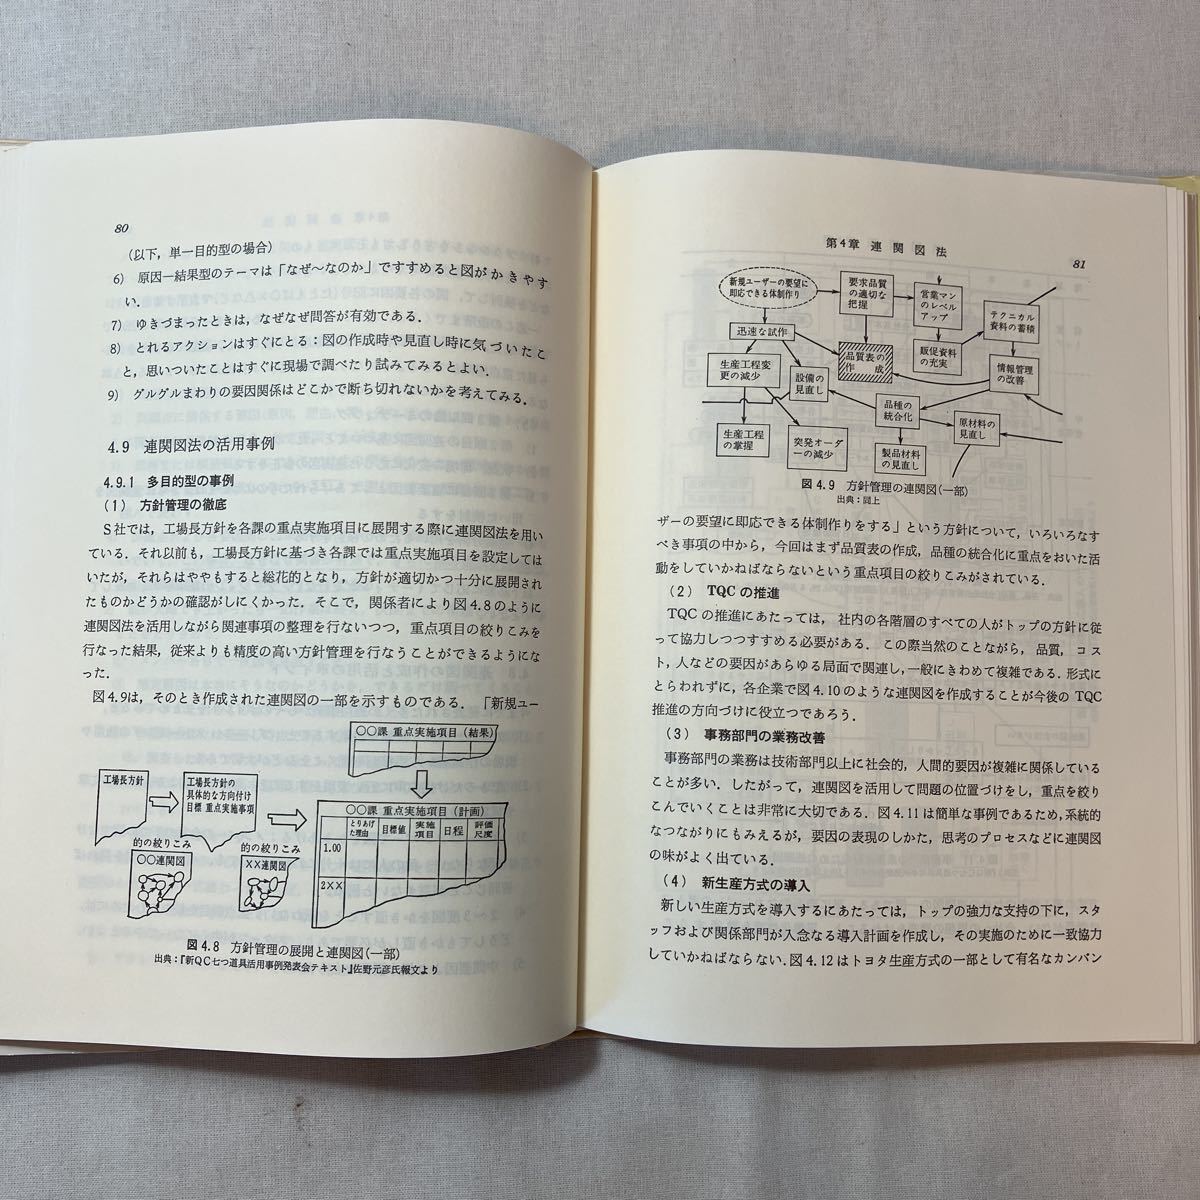 zaa-381♪管理者スタッフの新QC七つ道具単行本 (ハードカバー) 1979/5/1 日本技能連盟( 著 ) 日科技連出版社
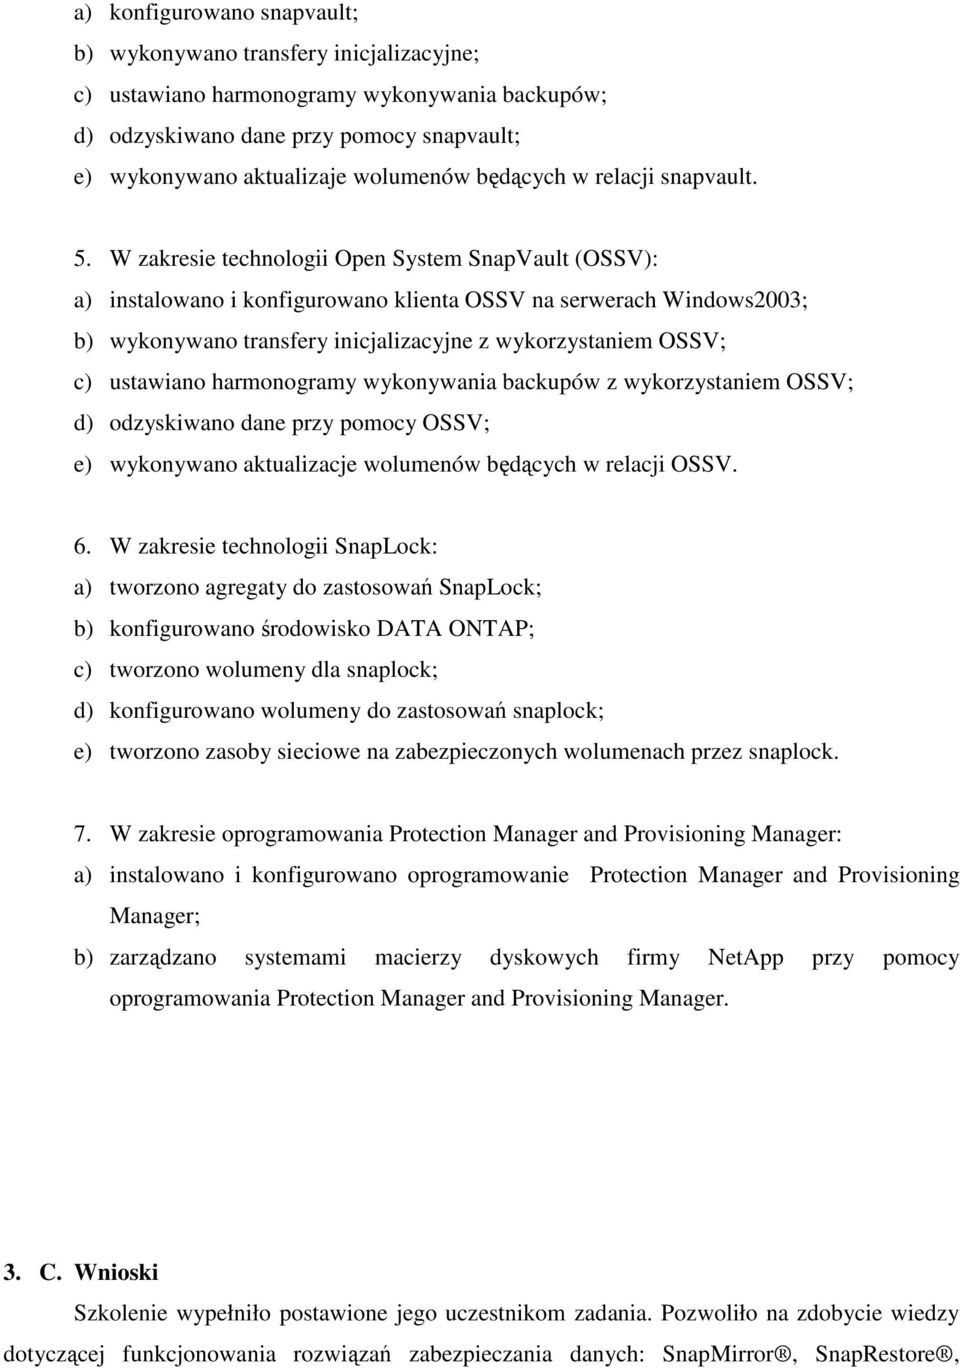 W zakresie technologii Open System SnapVault (OSSV): a) instalowano i konfigurowano klienta OSSV na serwerach Windows2003; b) wykonywano transfery inicjalizacyjne z wykorzystaniem OSSV; c) ustawiano
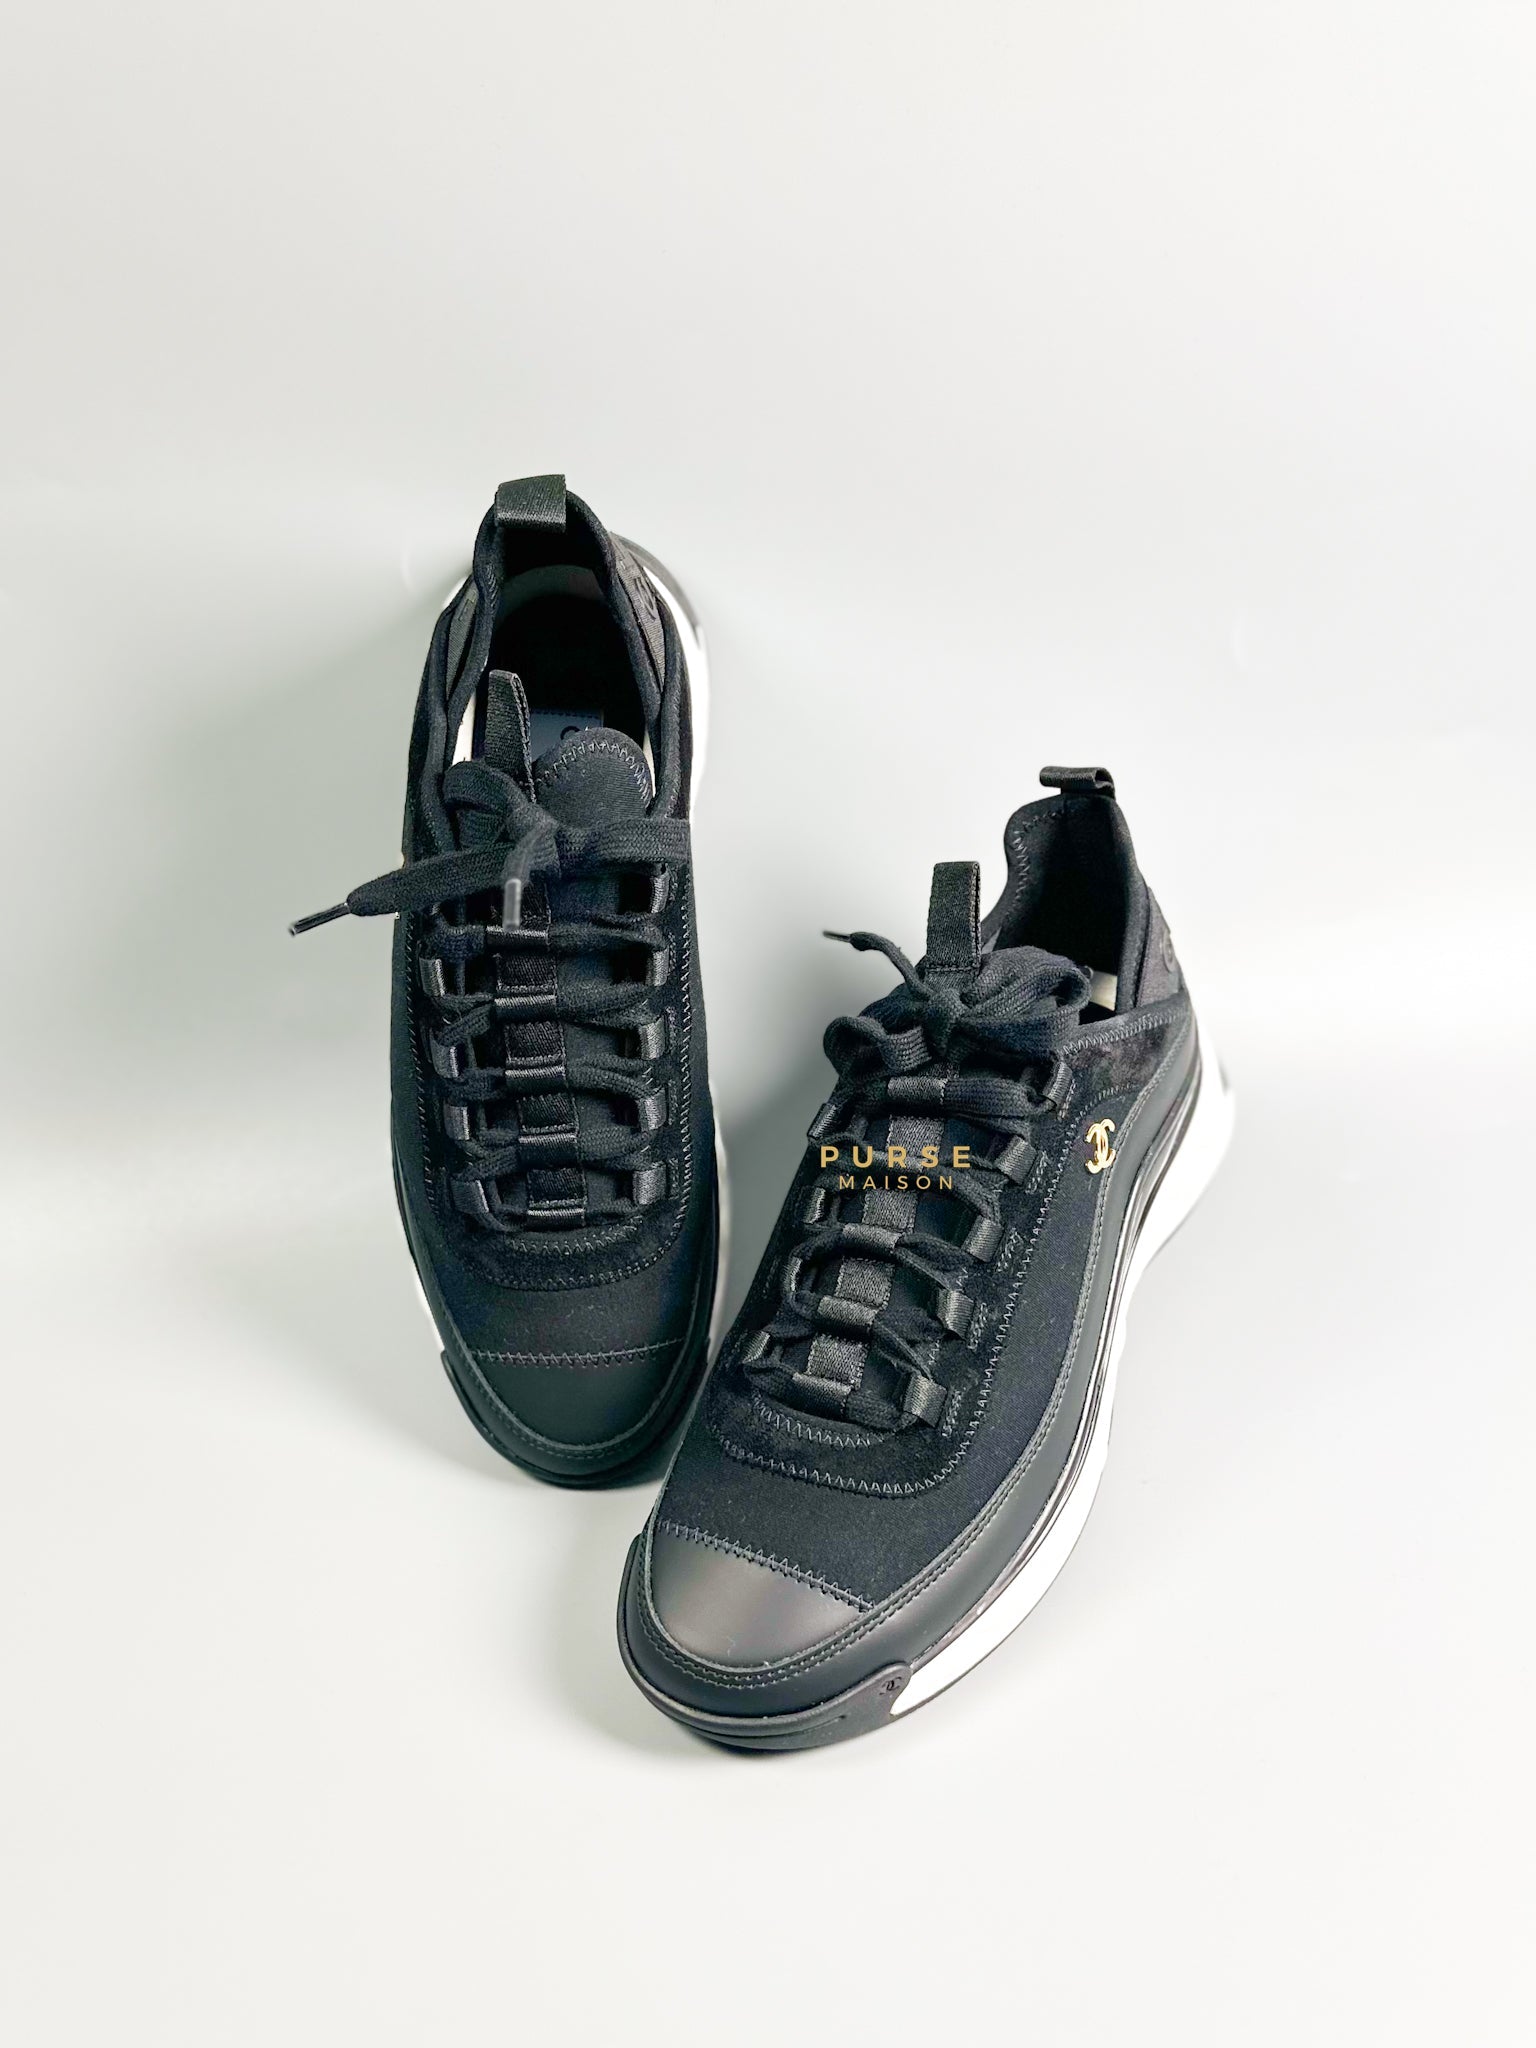 Lace Up Velvet Calfskin Mixed Fibers Sneakers Size 38.5 EU (25.5cm) | Purse Maison Luxury Bags Shop
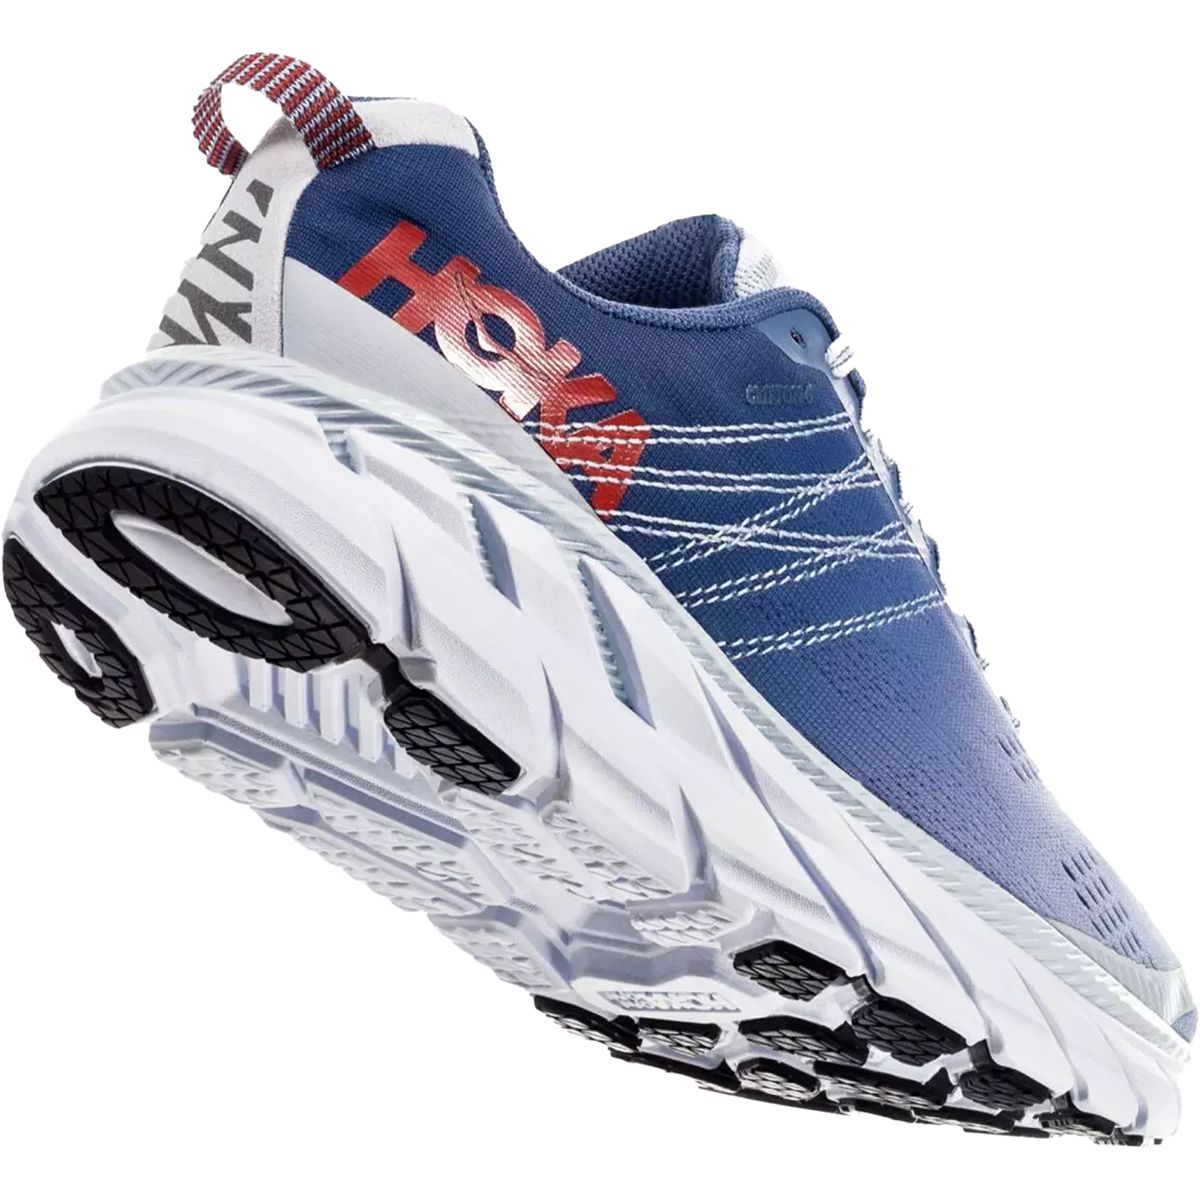 HOKA Clifton 6 Running Shoe - Women's - Footwear

[TASK] "Lace Up Velvet" marks the first line to copy; copy that line and every line after it through the last line of the listing, exactly and without pictures.

[EXERCISE OUTPUT]
 Lace Up Velvet Calfskin Mixed Fibers Sneakers Size 38.5 EU (25.5cm) | Purse Maison Luxury Bags Shop
 HOKA Clifton 6 Running Shoe - Women's - Footwear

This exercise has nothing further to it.